Dad also liked Jefferson, Franklin of course, and that renegade Thomas Paine, but it was his admiration for Benedict Arnold that showed me the significance of perspective.

I learned that Arnold had been a good man and a great soldier. That he was successful, badly wounded, in command again, defamed, cheated of promotion and then, frustrated and embittered beyond what it takes for a book character to become a misanthropic hermit, he changed sides in the Revolutionary War. But most of all I learned that, if the British had vanquished the upstart American settlers, Benedict Arnold would have been a hero of that conflict instead of becoming an archetype for traitor.

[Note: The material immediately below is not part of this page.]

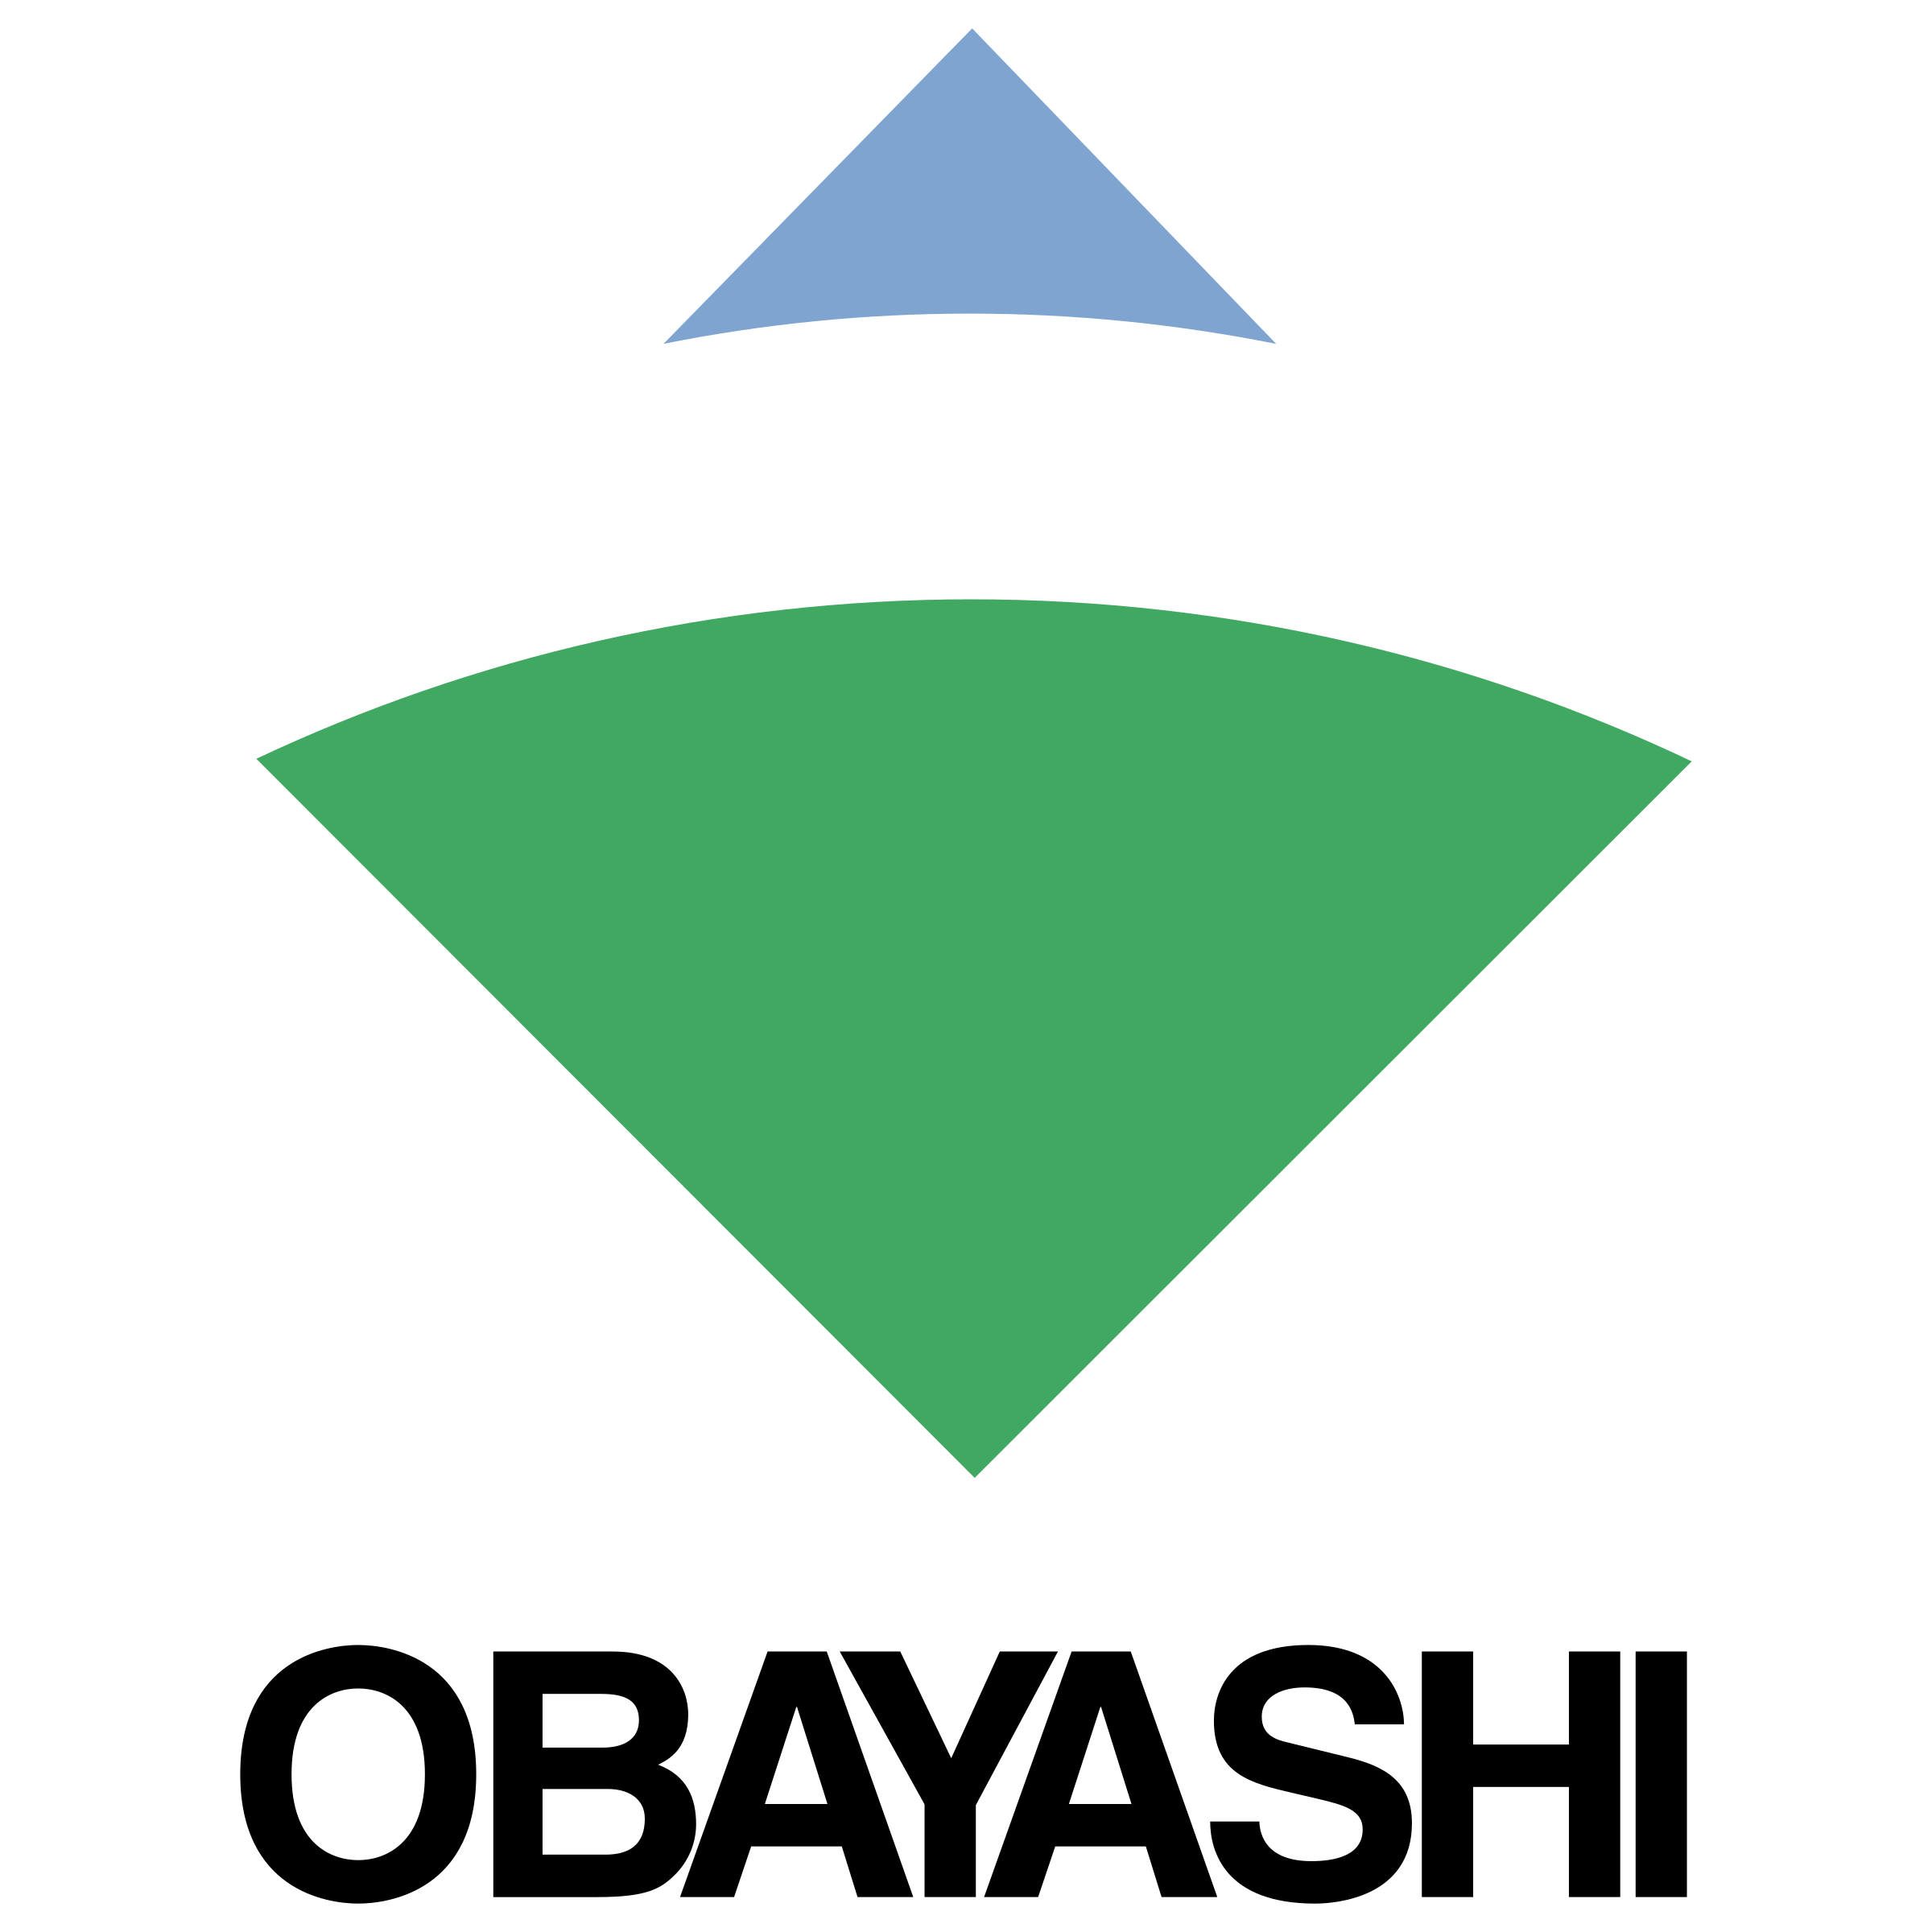 obayashi-logo-png-transparent

It was all a matter of point of view. Called POV nowadays. You choose your side, and you fight to win. If your side prevails you’re a hero. If your side loses, especially if it was a side you switched to, you might be reviled.

So, yes, it’s best to choose correctly for yourself and not switch. But then again, Ben Franklin was attacked about his French connections, and he never wavered. Plenty of good people have gotten bad press. Your best protection is to choose honestly and try to ignore the gossip.

Dad’s book choices were never what I would have selected and usually something I enjoyed. Sometimes they were as inspirational as he. The following year it was Carson’s The Sea Around Us.